--- Problem description ---
Write out, word for word, the part of the listing below that opens with the line containing "Scala Sans Pro Black Italic image" and closes with the line containing "[Anthology] 美少女症候群(2) Lolita", keeping both of those lines and adding no others.

--- Information given ---
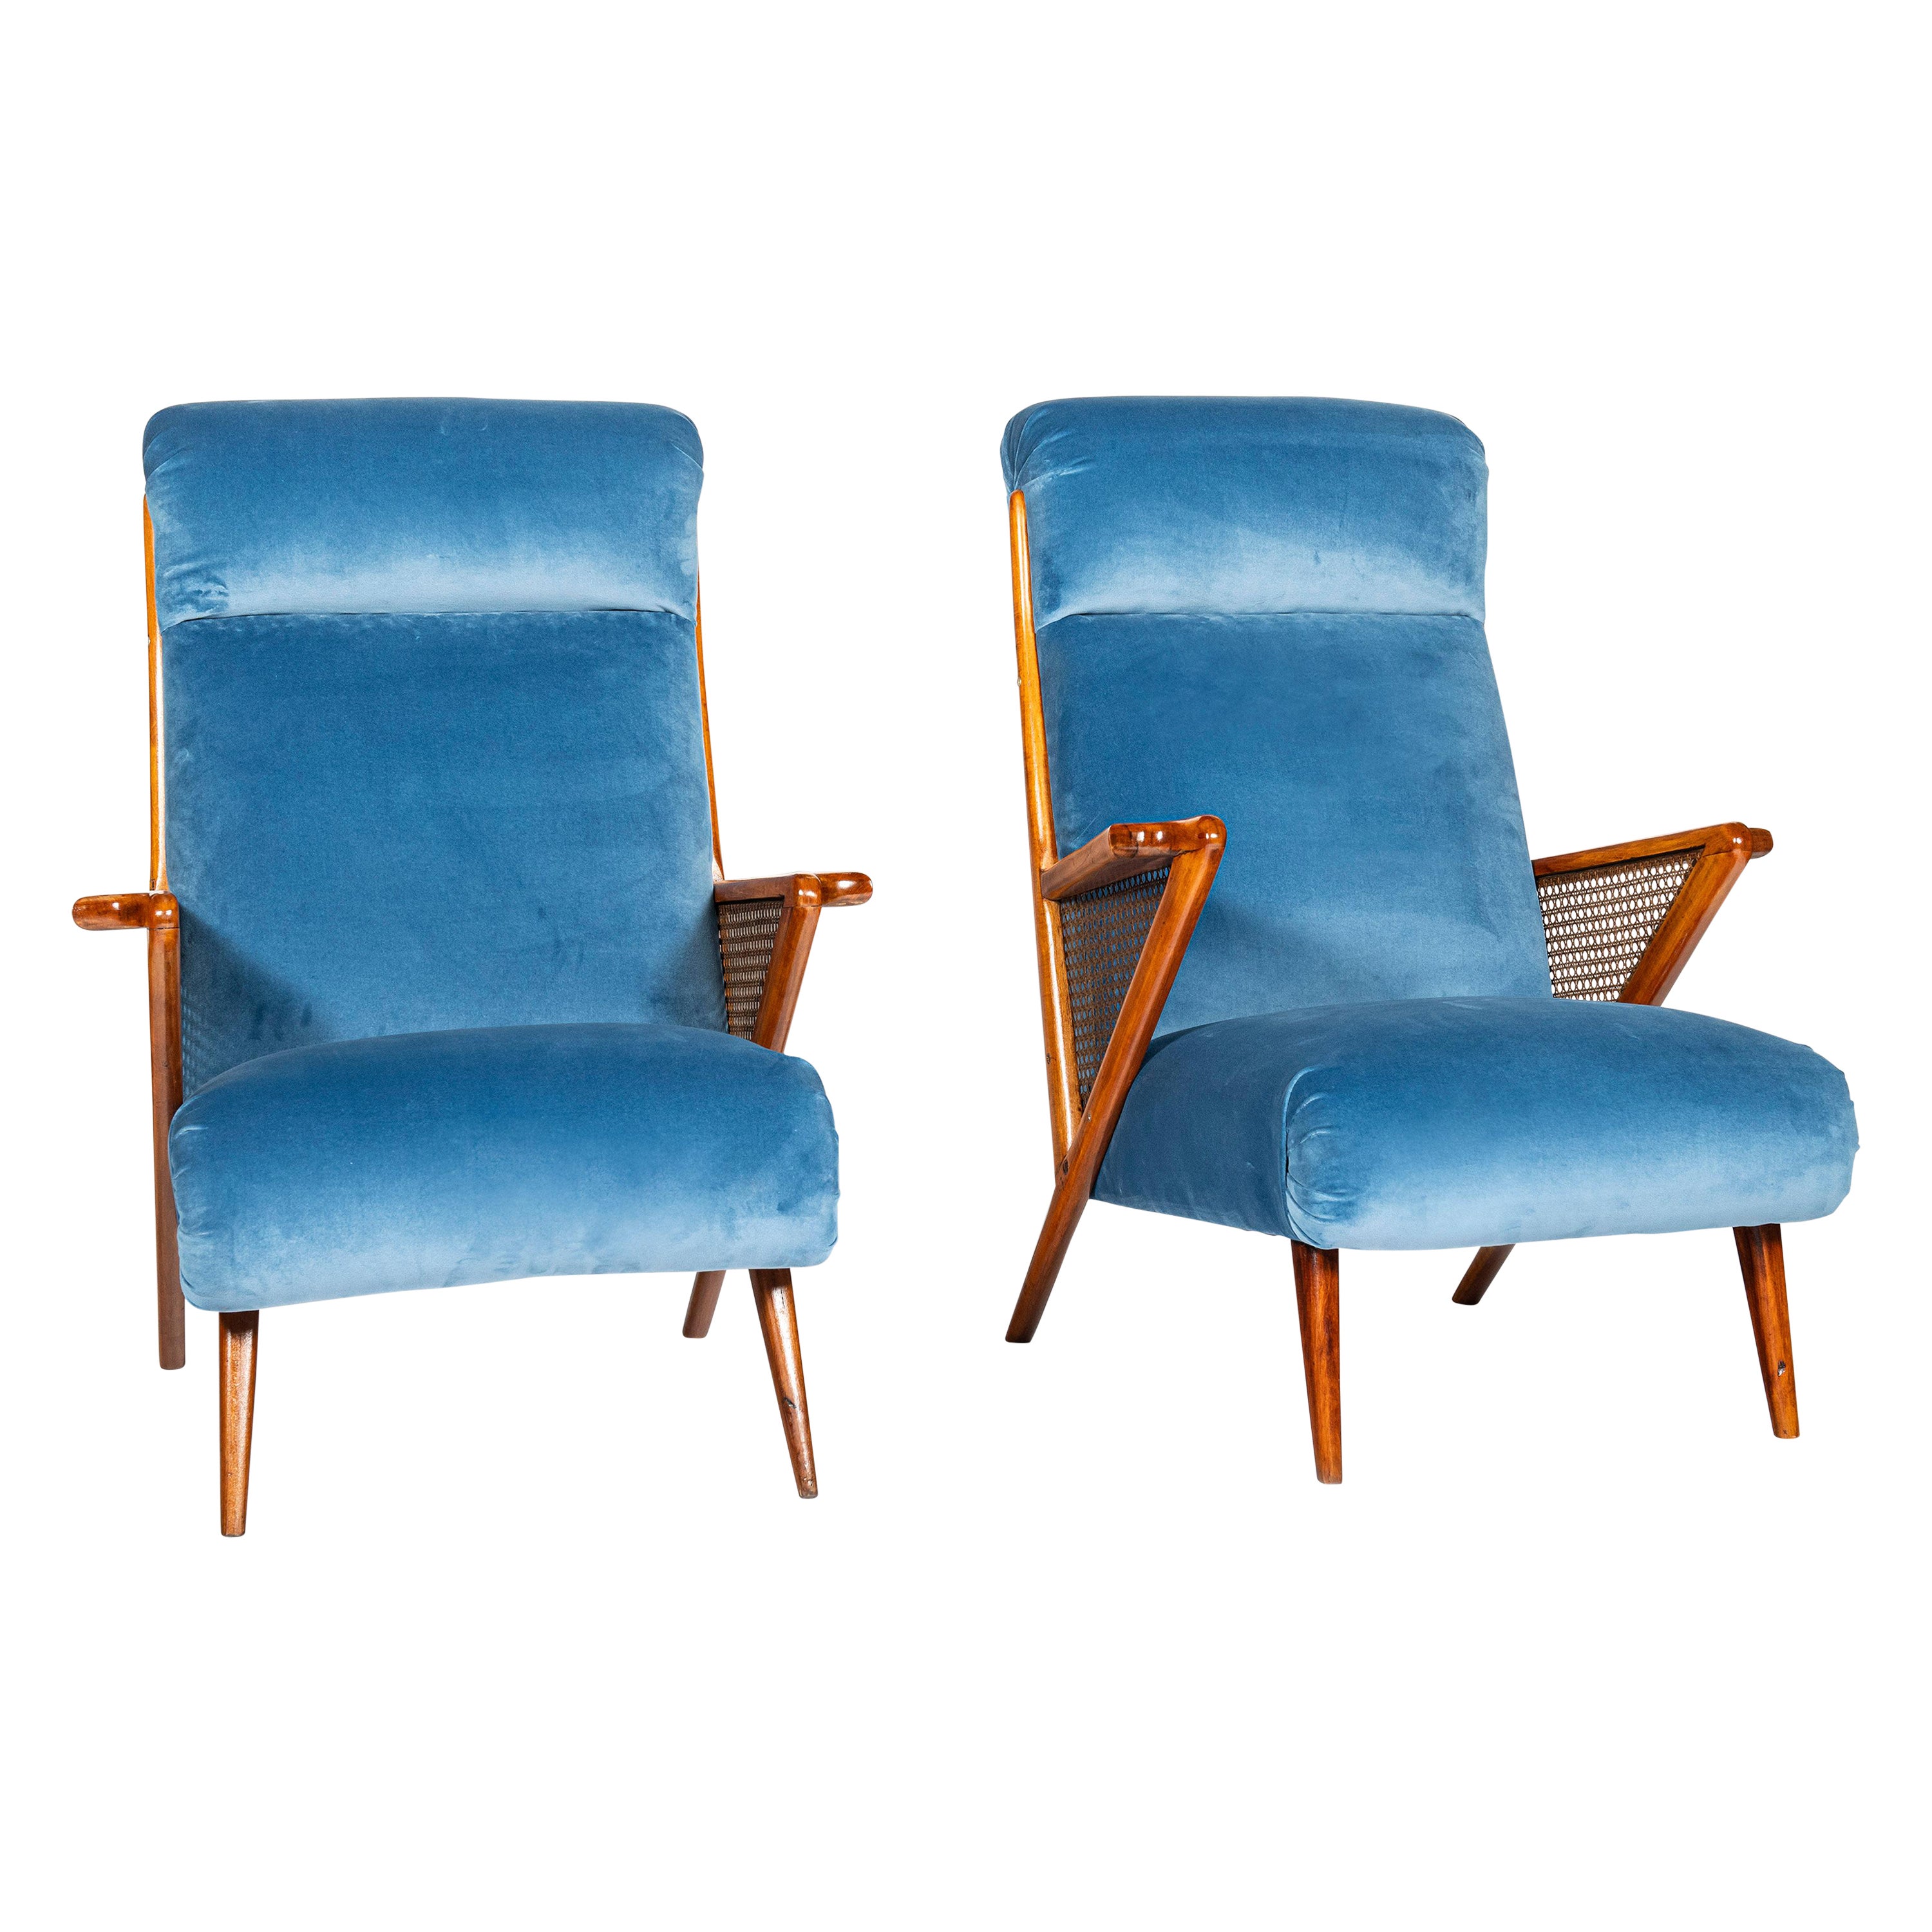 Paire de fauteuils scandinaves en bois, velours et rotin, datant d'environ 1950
...
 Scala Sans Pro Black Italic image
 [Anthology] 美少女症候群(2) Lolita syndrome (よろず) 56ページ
...
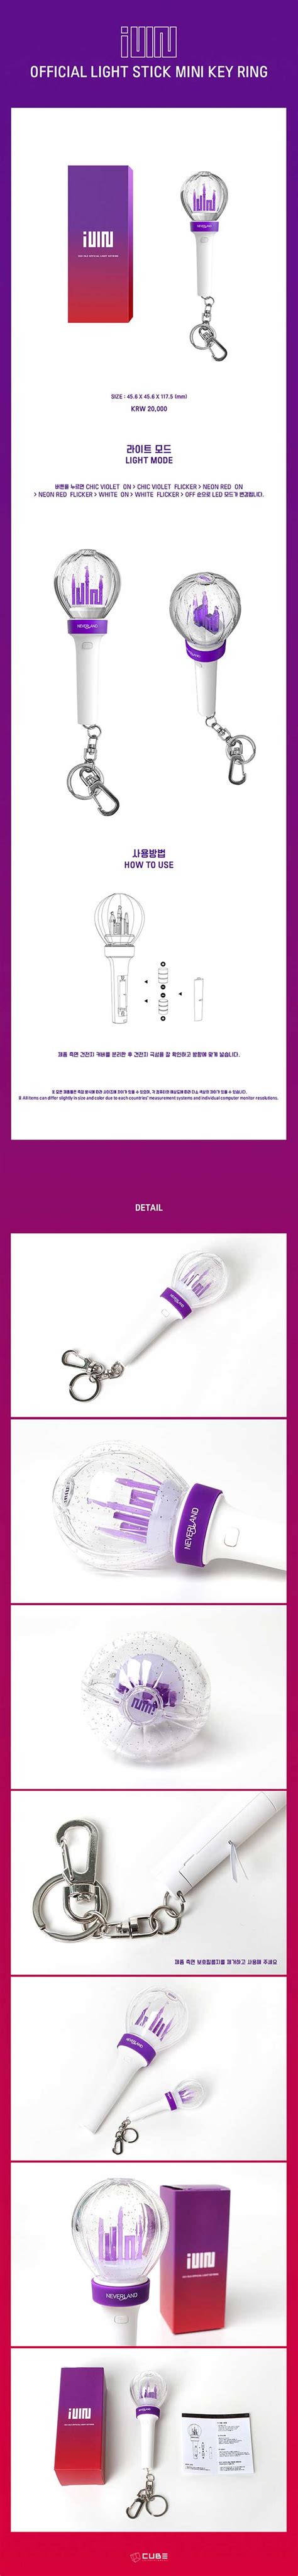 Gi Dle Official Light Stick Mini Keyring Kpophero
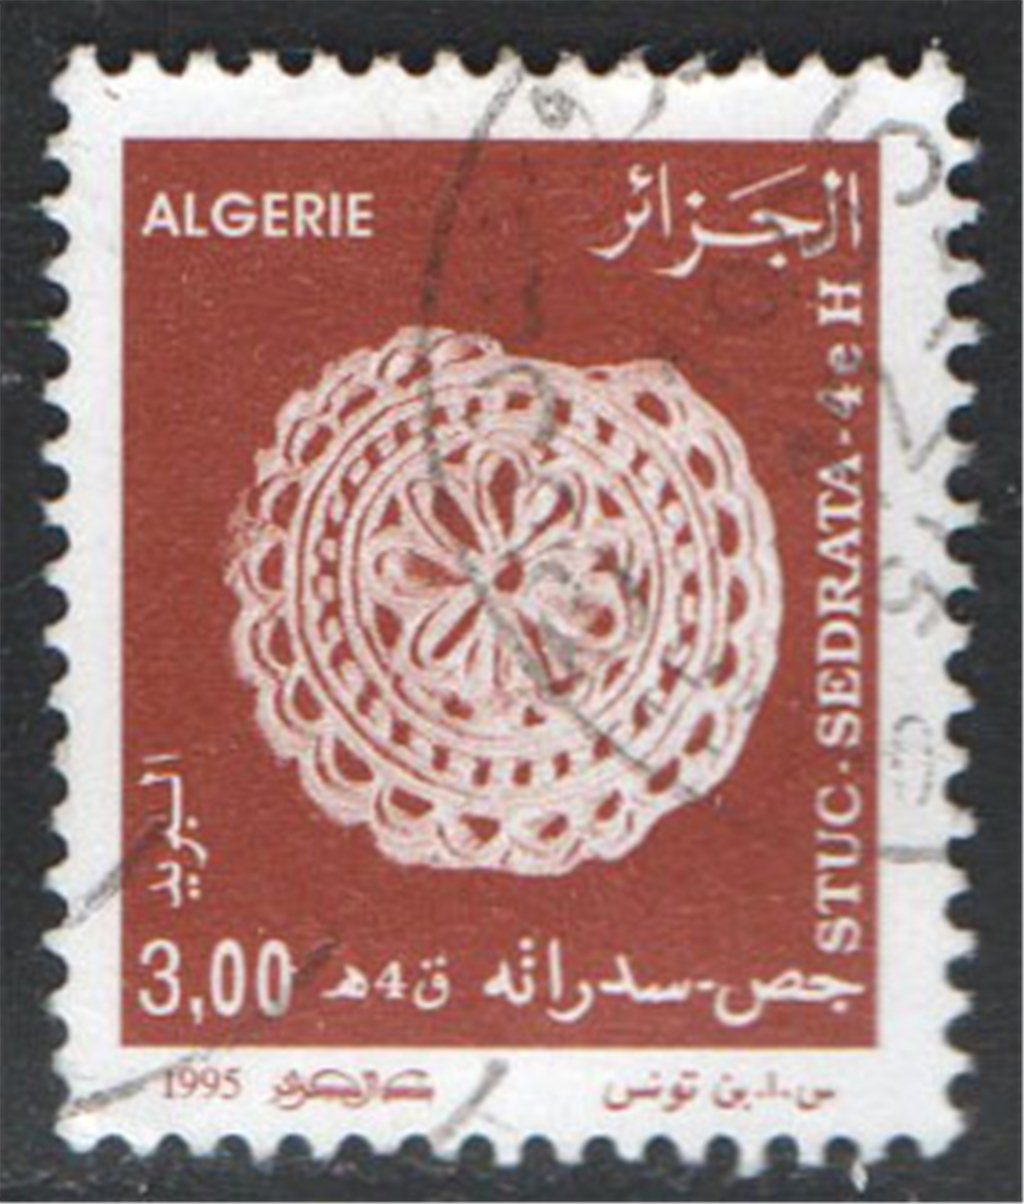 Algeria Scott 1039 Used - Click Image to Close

--- Answer to the problem ---
 Scala Sans Pro Black Italic image
 [Anthology] 美少女症候群(2) Lolita syndrome (よろず) 56ページ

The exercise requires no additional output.